What is required
Write out again, word for word, the lines below from the line that holds "plastic shopping cart toy" through the line that holds "Handmade Carpet, Blue", omitting pictures.

Entries supplied
---*---

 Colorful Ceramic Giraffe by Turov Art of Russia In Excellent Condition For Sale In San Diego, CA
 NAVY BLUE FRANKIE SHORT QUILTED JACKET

---*---

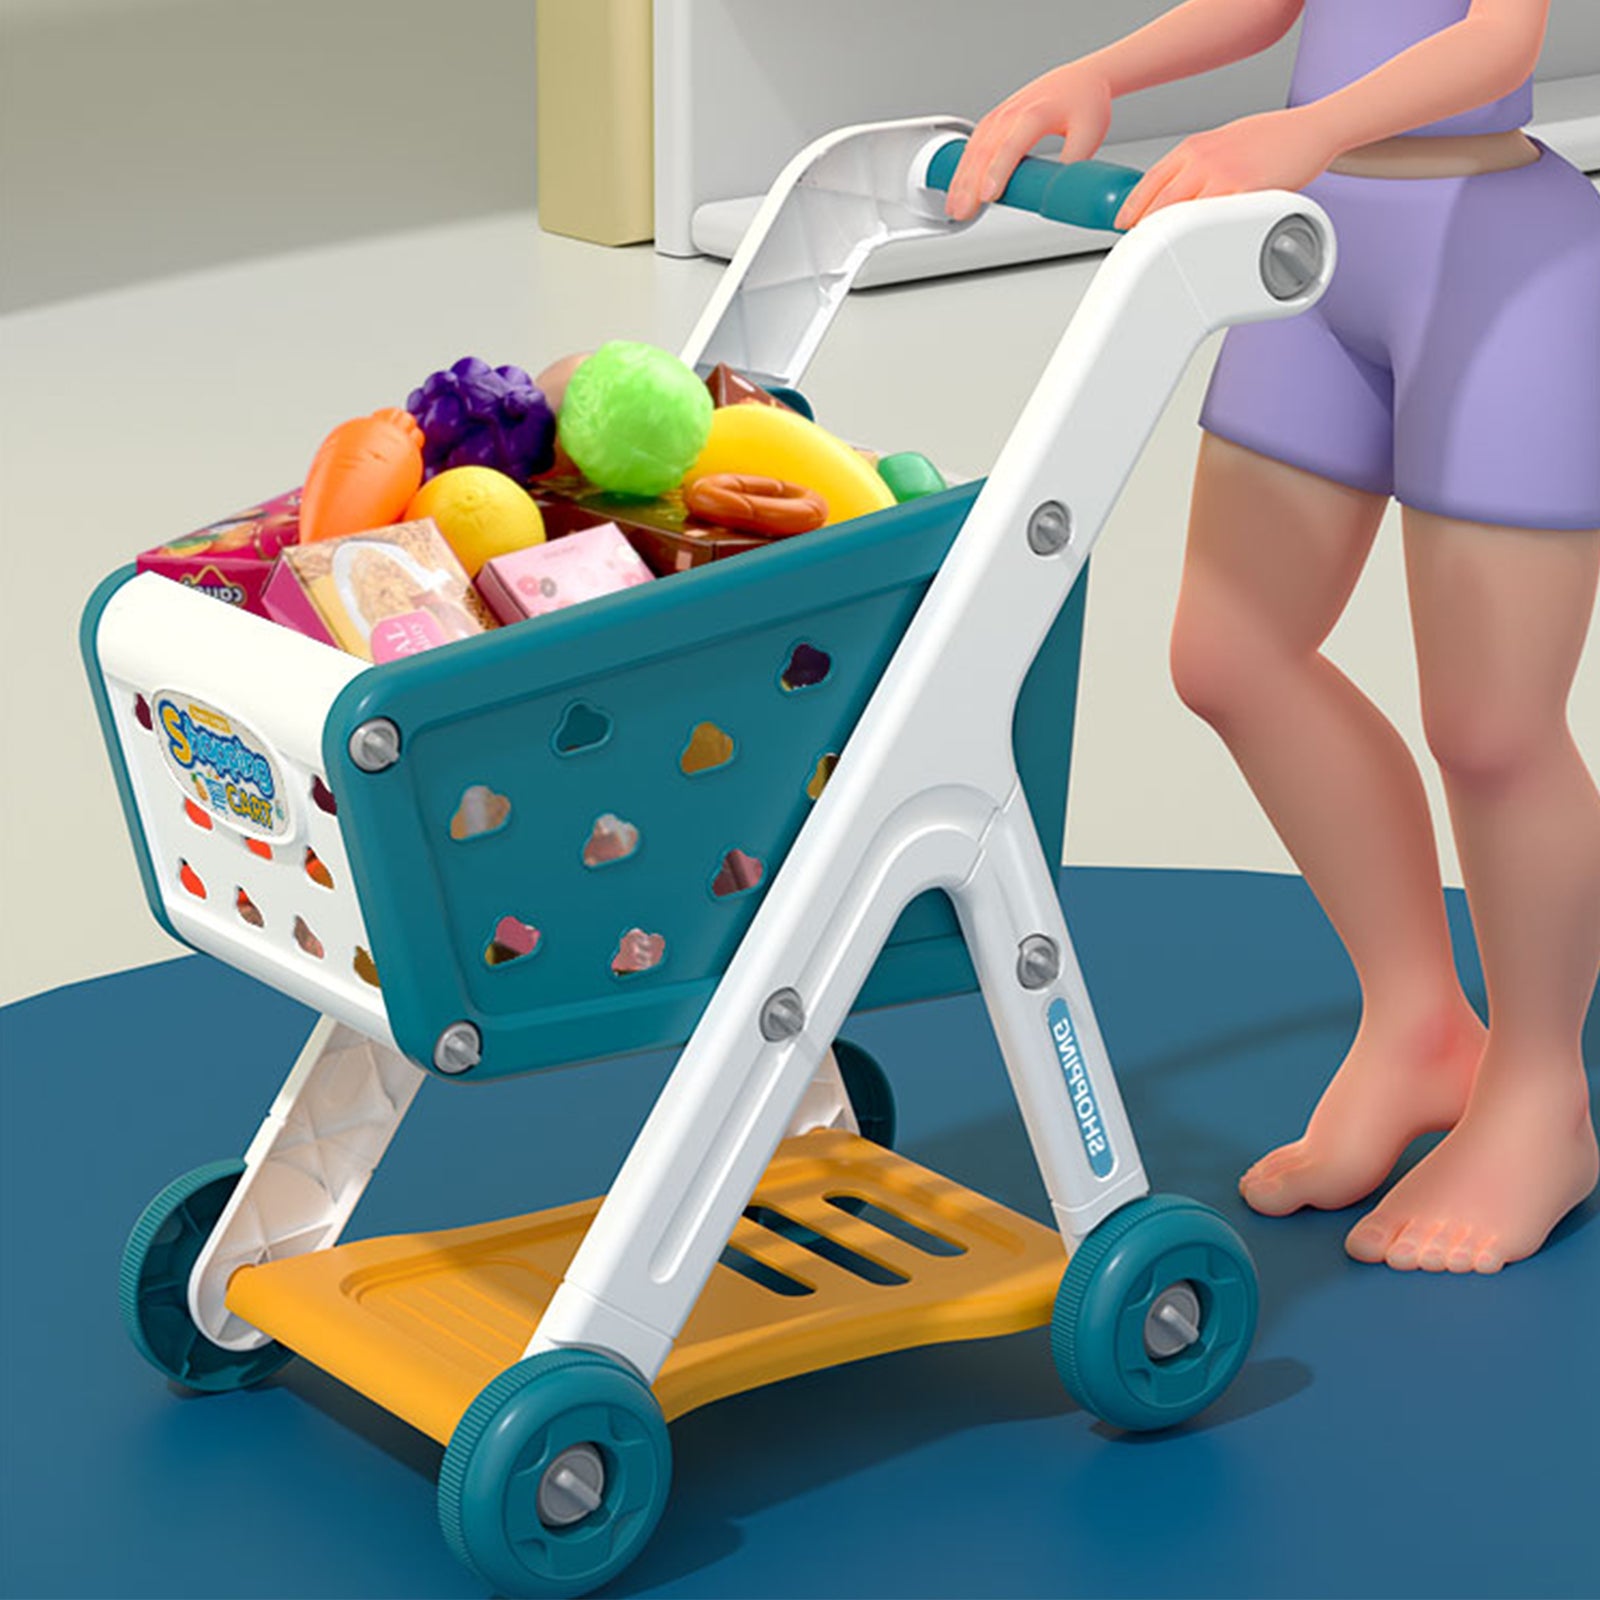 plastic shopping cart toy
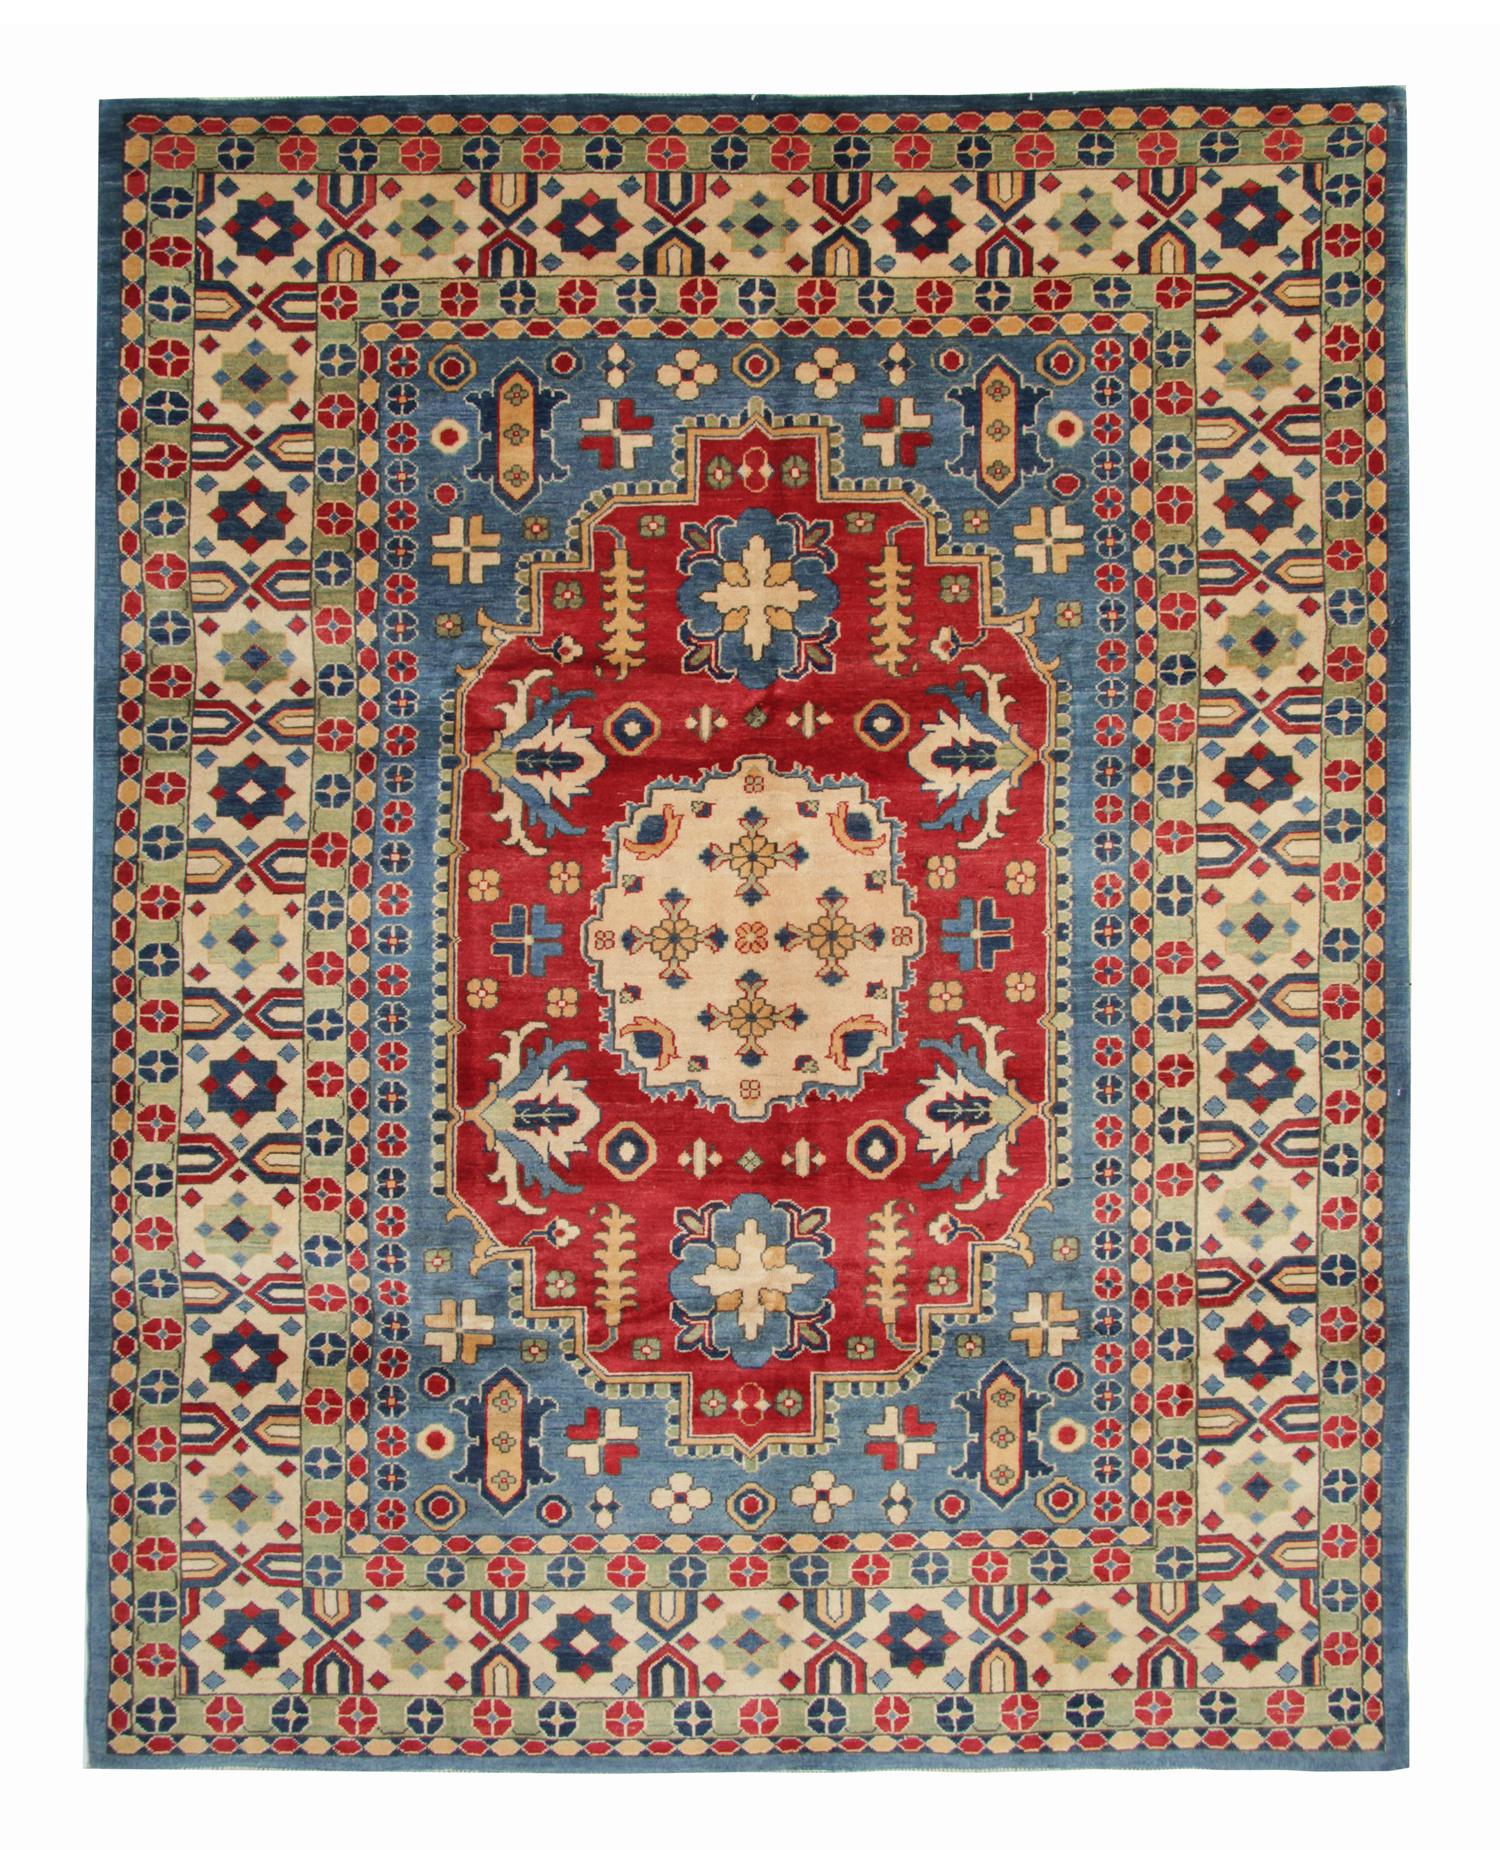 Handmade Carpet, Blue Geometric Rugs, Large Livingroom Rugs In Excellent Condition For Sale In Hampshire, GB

---*---

Solution for this exercise
 plastic shopping cart toy
 Handmade Carpet, Blue Geometric Rugs, Large Livingroom Rugs In Excellent Condition For Sale In Hampshire, GB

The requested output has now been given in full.